Weekly Update

Big data is real, but only when you ask the right questions

Alistair Croll’s post on O’Reilly Radar this week may have been titled “There’s no such thing as big data,” but Croll believes the exact opposite. Rather than just collecting data, he argues, you have to ask the right questions of it. Coincidentally, DJ Patil joined Greylock Partners this week as its first data scientist in residence, working with portfolio companies on making better use of data. And Factual released a new API, simplifying the task of working with place data from multiple sources. Together, these illustrate the broader shift that is slowly under way, a shift from simply collecting big data toward gathering and using data in order to make businesses better informed.

Croll’s post discusses the experience of a frequent flier in the premium cabins of United Airlines, and he asks why United did not quickly get in touch when this traveler stopped flying with it. Spotting and reacting to these changes in behavior should be exactly what decent data analysis would permit, but for some reason United didn’t do either of these things. It appears to be missing an opportunity to gain competitive advantage by understanding the behavior of its customers and responding accordingly.

Patil could certainly help United out here, and venture capital firm Greylock Partners seems keen to ensure that its portfolio companies don’t miss such obvious uses of the data they horde. Discussing Patil’s appointment, Greylock partner Reid Hoffman wrote, “Our companies have strong appetites to learn more ways to leverage data as a competitive tool.” Greylock is not alone in spotting the need to understand and gain value from the data being generated by the companies it funds. IA Ventures took a similar step earlier in the summer, appointing Drew Conway as scientist in residence.

Greylock is acting to ensure that its portfolio companies extract as much value as they can from the data they hold. Hoffman and others recognize that timely and effective analysis of data can offer real competitive advantage, even in mature markets like retail. Within Greylock’s portfolio, companies such as Zipcar might analyze data to ensure that its cars are parked in optimal locations, and Cloudera could tailor the products and advice it offers in order to make it even easier for its customers to work with data at scale. Over at Factual, the company is continuing to put the pieces in place to combine data from different sources. With the new Crosswalk API, developers can easily relate U.S. places identified in third-party services such as Foursquare, OpenTable and Yelp.

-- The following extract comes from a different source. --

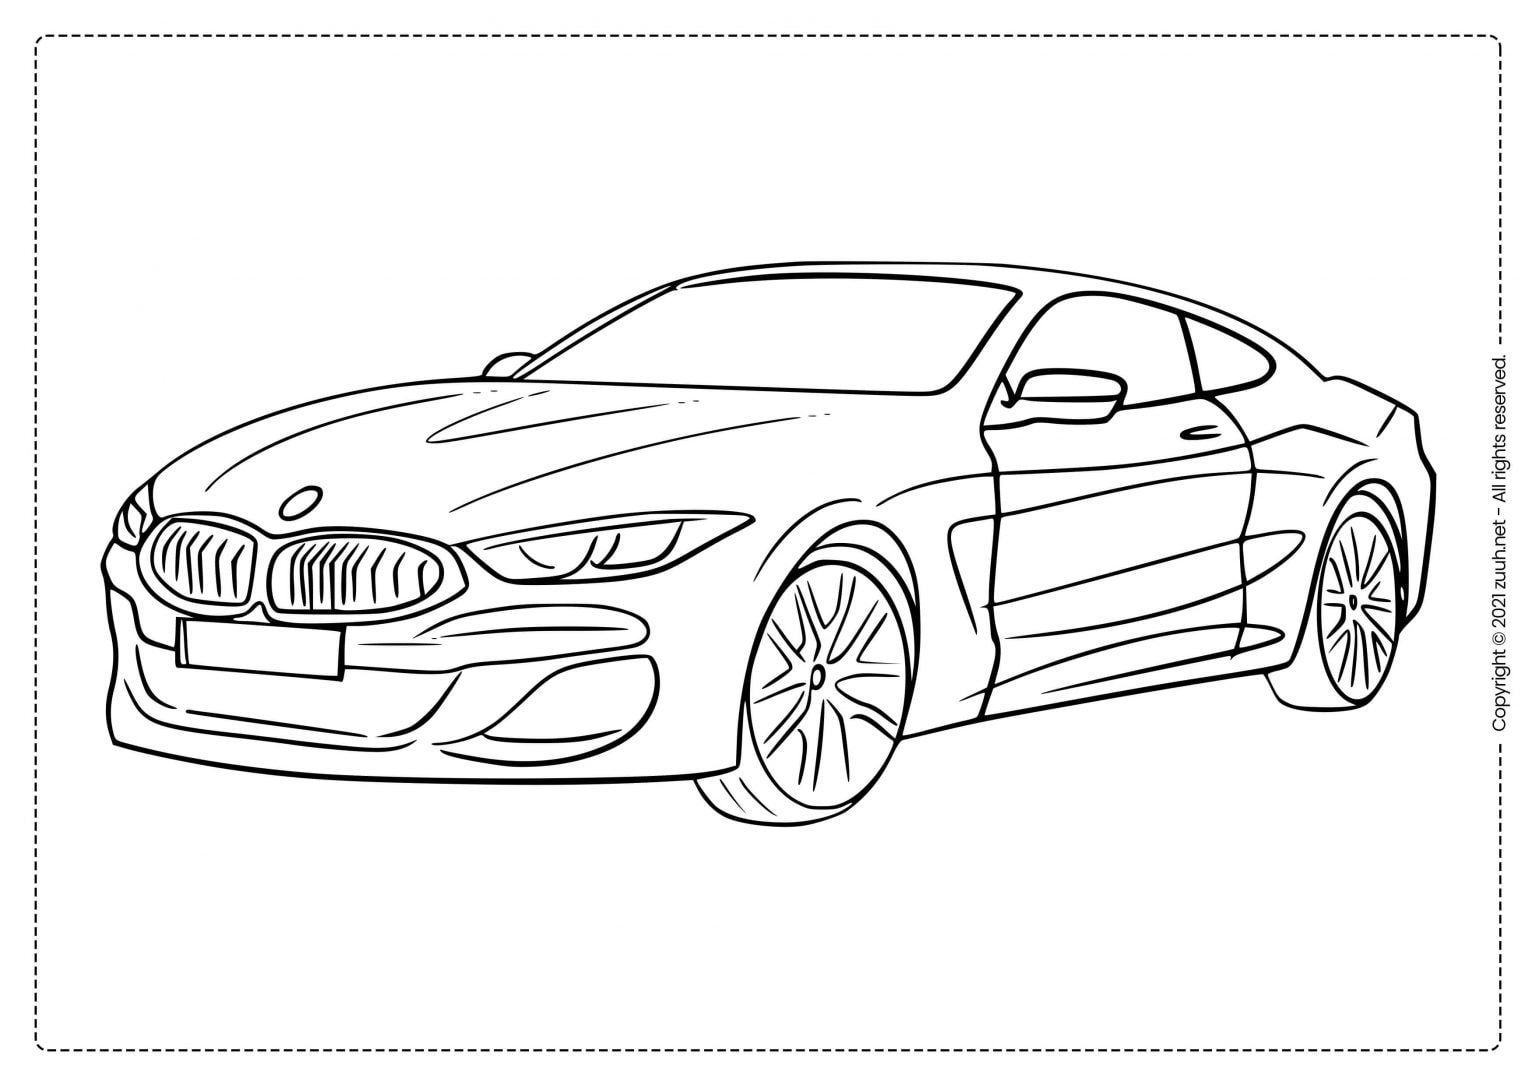 Fantastic bmw racing coloring pages

Factual and other similar data providers have the potential to greatly diminish one of the final barriers to entry for many innovative startups: their need to build large databases and populate them with relevant data that is not the focus of their business. Foursquare, for example, is about users’ sharing its check-ins at locations like Starbucks, not determining where every Starbucks is located. Building and maintaining that database, though, is a necessary (and high) cost of doing business; Factual removes the need for every new Foursquare to build that database from scratch. There are similar opportunities in areas from product data (how many companies store undifferentiating data about the features of the latest televisions or microwaves?) to company details and historical sales figures.

Companies like United Airlines (and, as I discussed recently, those in the manufacturing sector) are sitting on a gold mine. The timely analysis of data they already own aids customer retention, enables fine-tuning of routes and pricing, and provides insights that might be the difference between profitable growth and going to the wall. Factual is an early example of a company seeking to make data created by other people more usable. Consistent APIs and crosswalks that join silos of incomplete data are critical in preventing the endless re-collection of the same basic facts, freeing both new and old companies to concentrate on creating value rather than rebuilding foundations. DJ Patil, and those like him, bridge the gap between the two, transforming the way traditional companies like United use data and creating opportunities for newcomers like Factual to capitalize upon. Web 3.0, perhaps?

Question of the week

Will data scientists change the ways their employers work with and use big data?